Task prompt => This exercise calls for the whole listing to be given again exactly, without images.

Given data =>
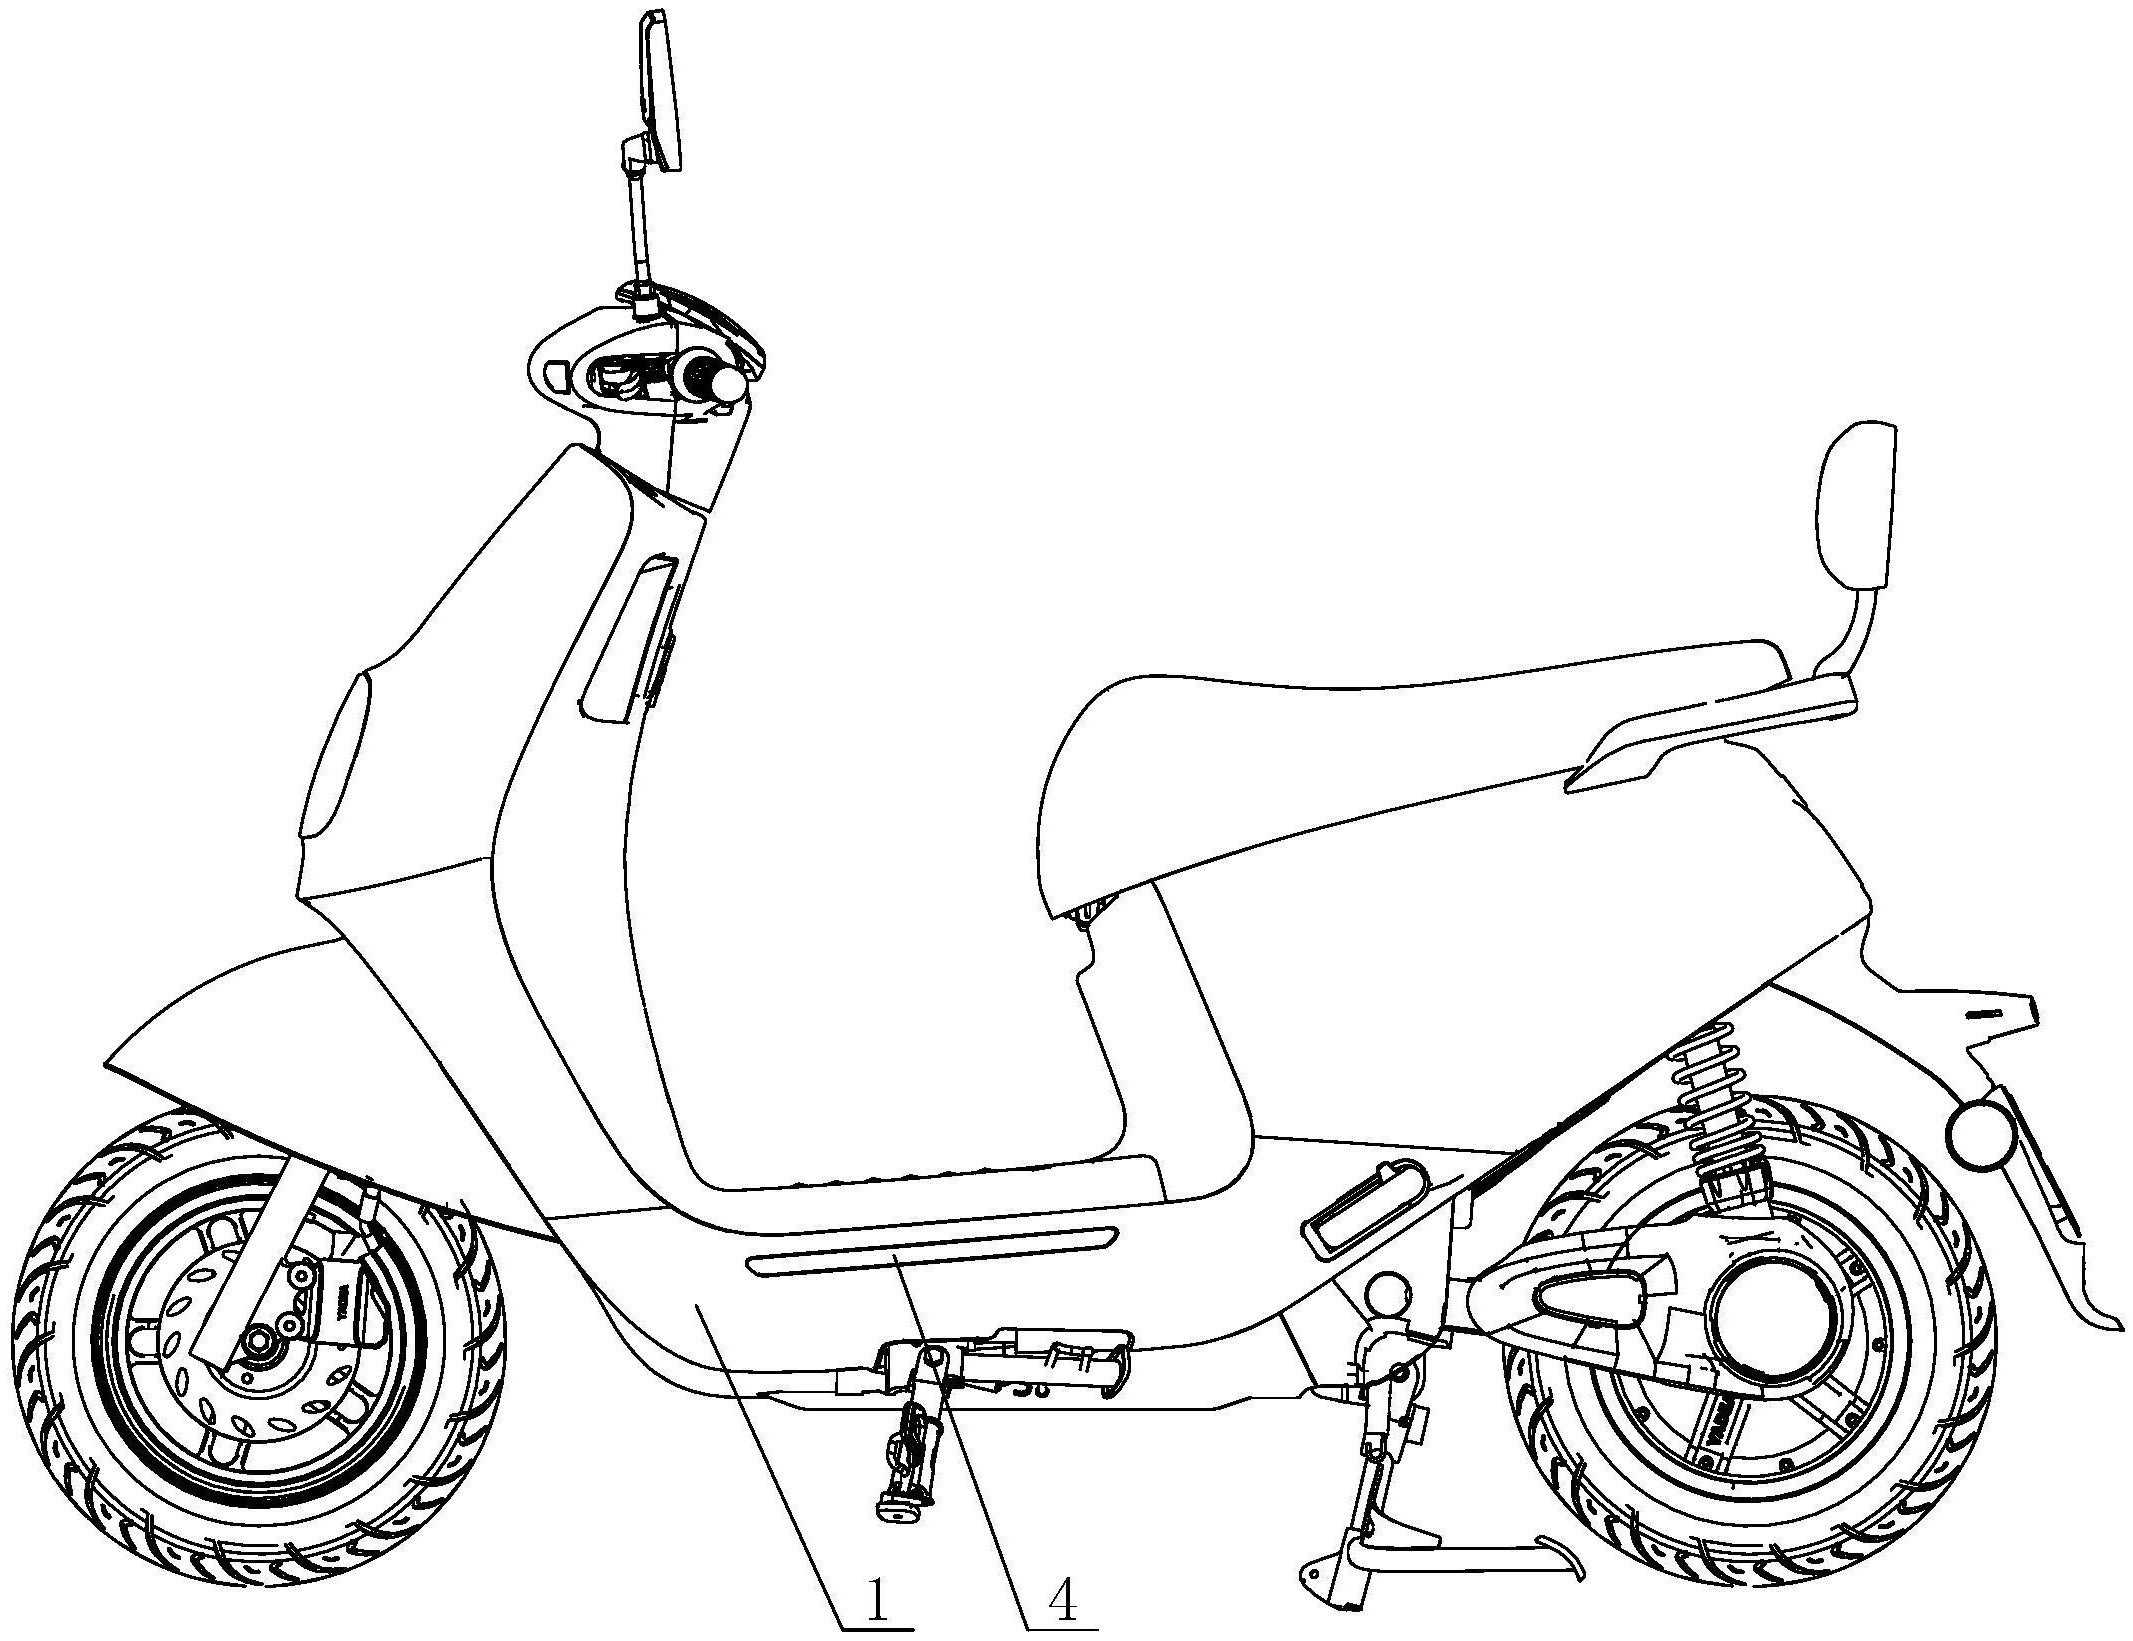 所述边条本体安装于电动自行车的侧面,所述边条本体的外侧面上安装有
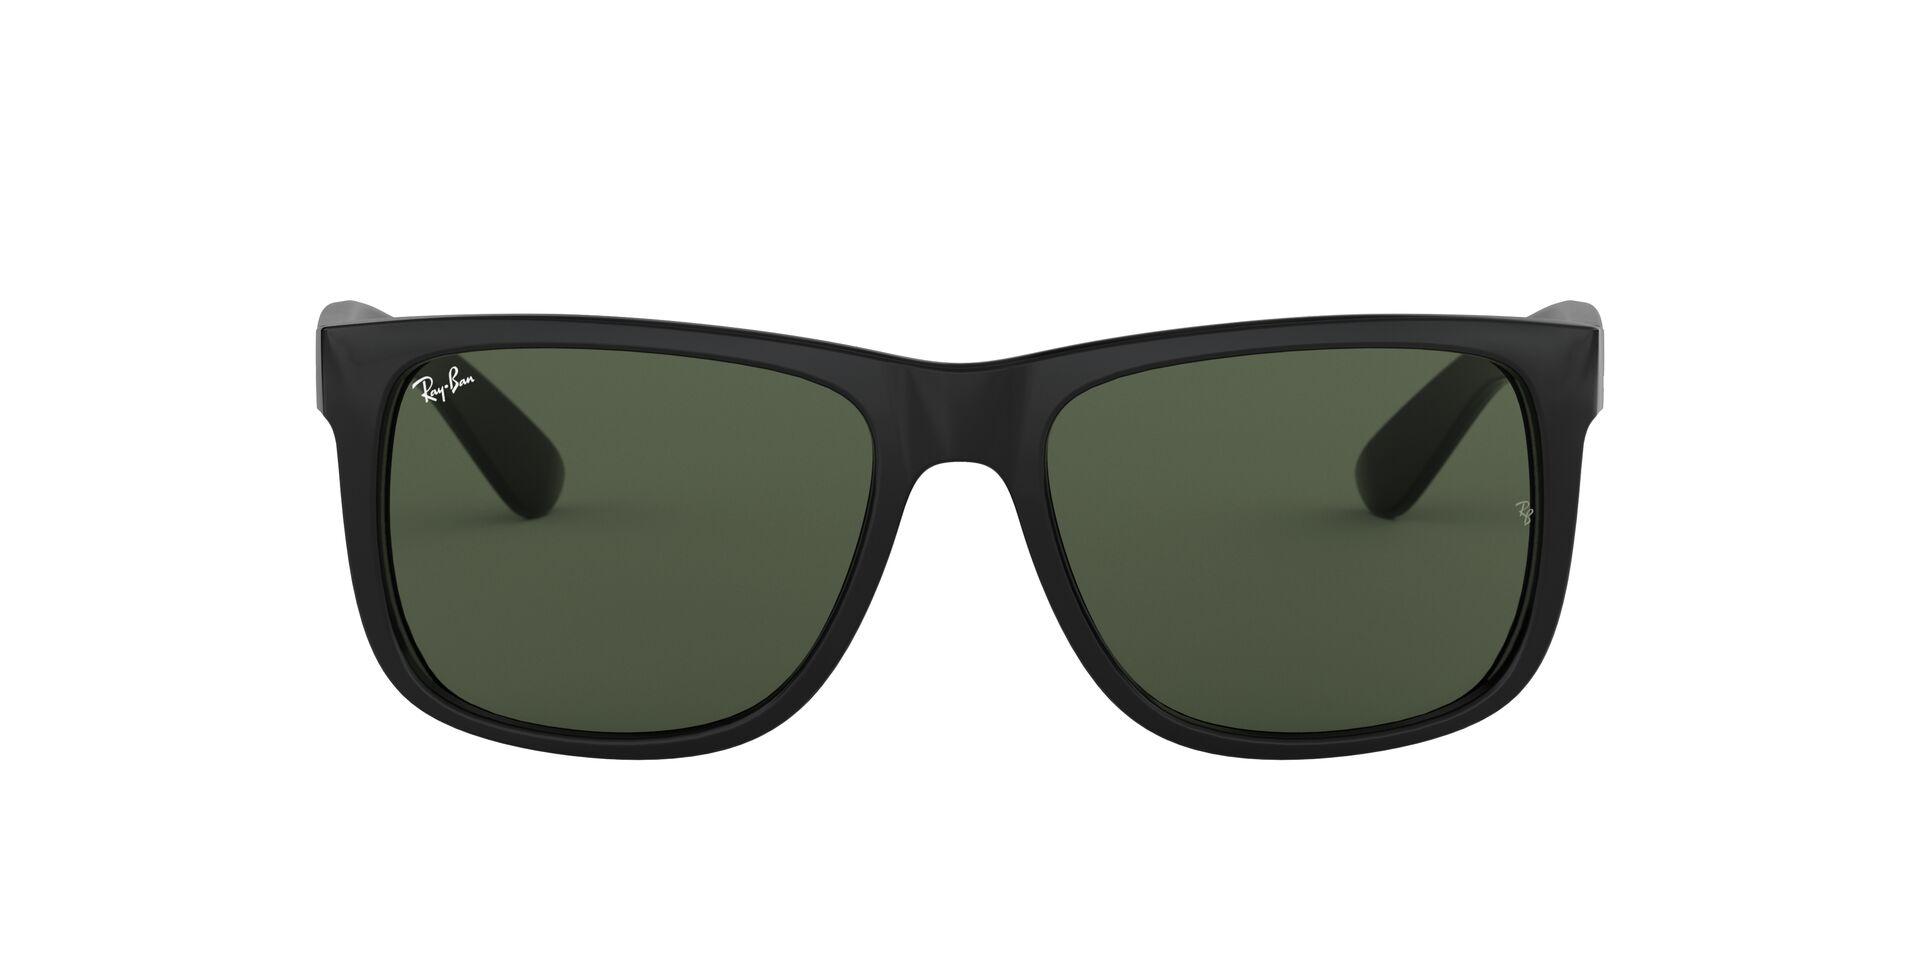 Mắt Kính Ray-Ban Justin - RB4165F 601/71 -Sunglasses
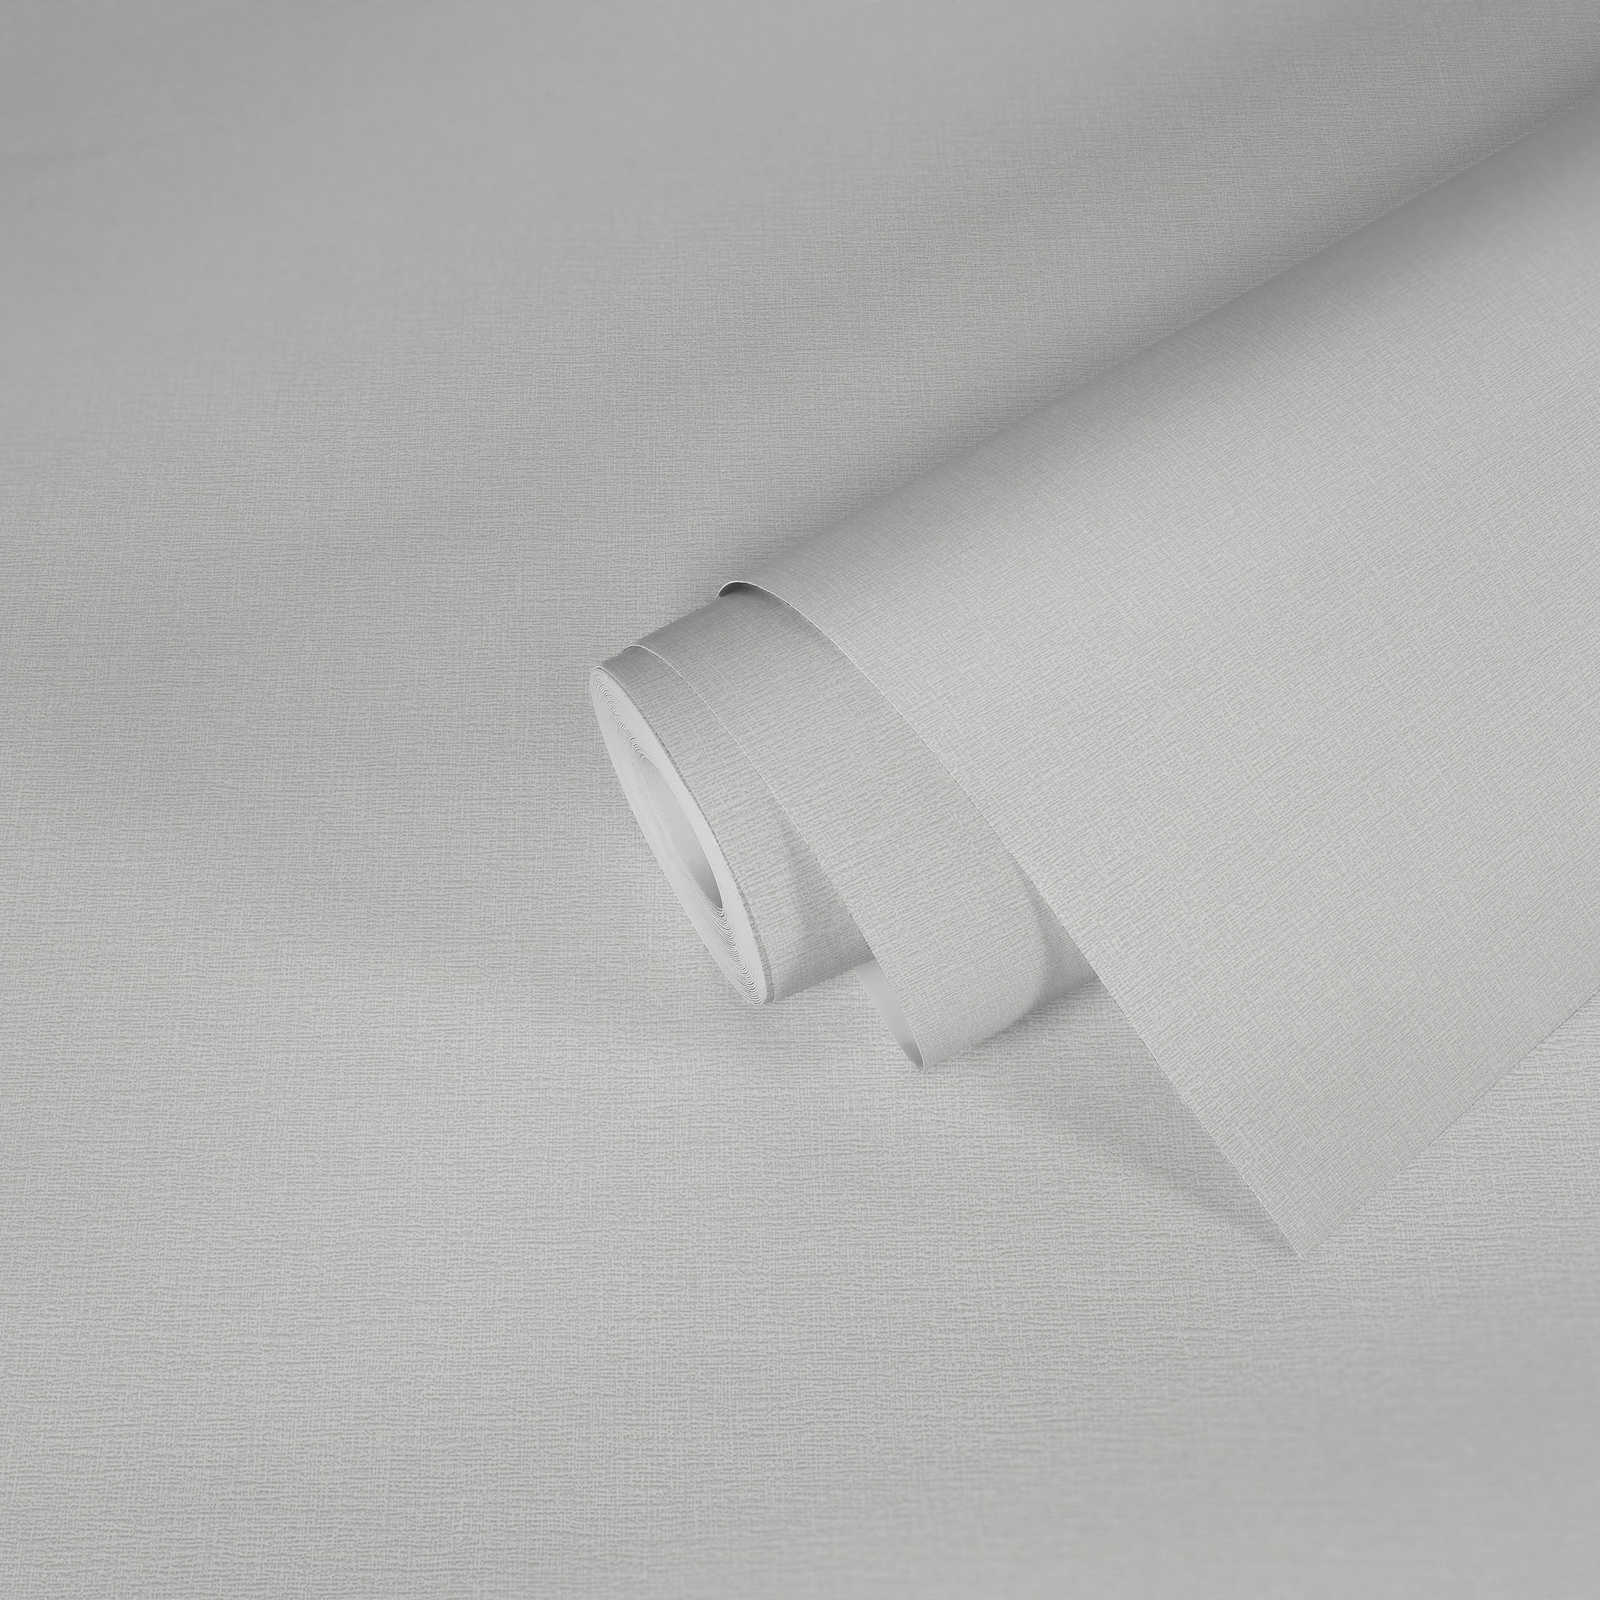             Papier peint blanc naturel mat avec motifs structurés discrets

Answer for the task =>
 所述边条本体安装于电动自行车的侧面,所述边条本体的外侧面上安装有
 Mắt Kính Ray-Ban Justin - RB4165F 601/71 -Sunglasses
             Papier peint blanc naturel mat avec motifs structurés discrets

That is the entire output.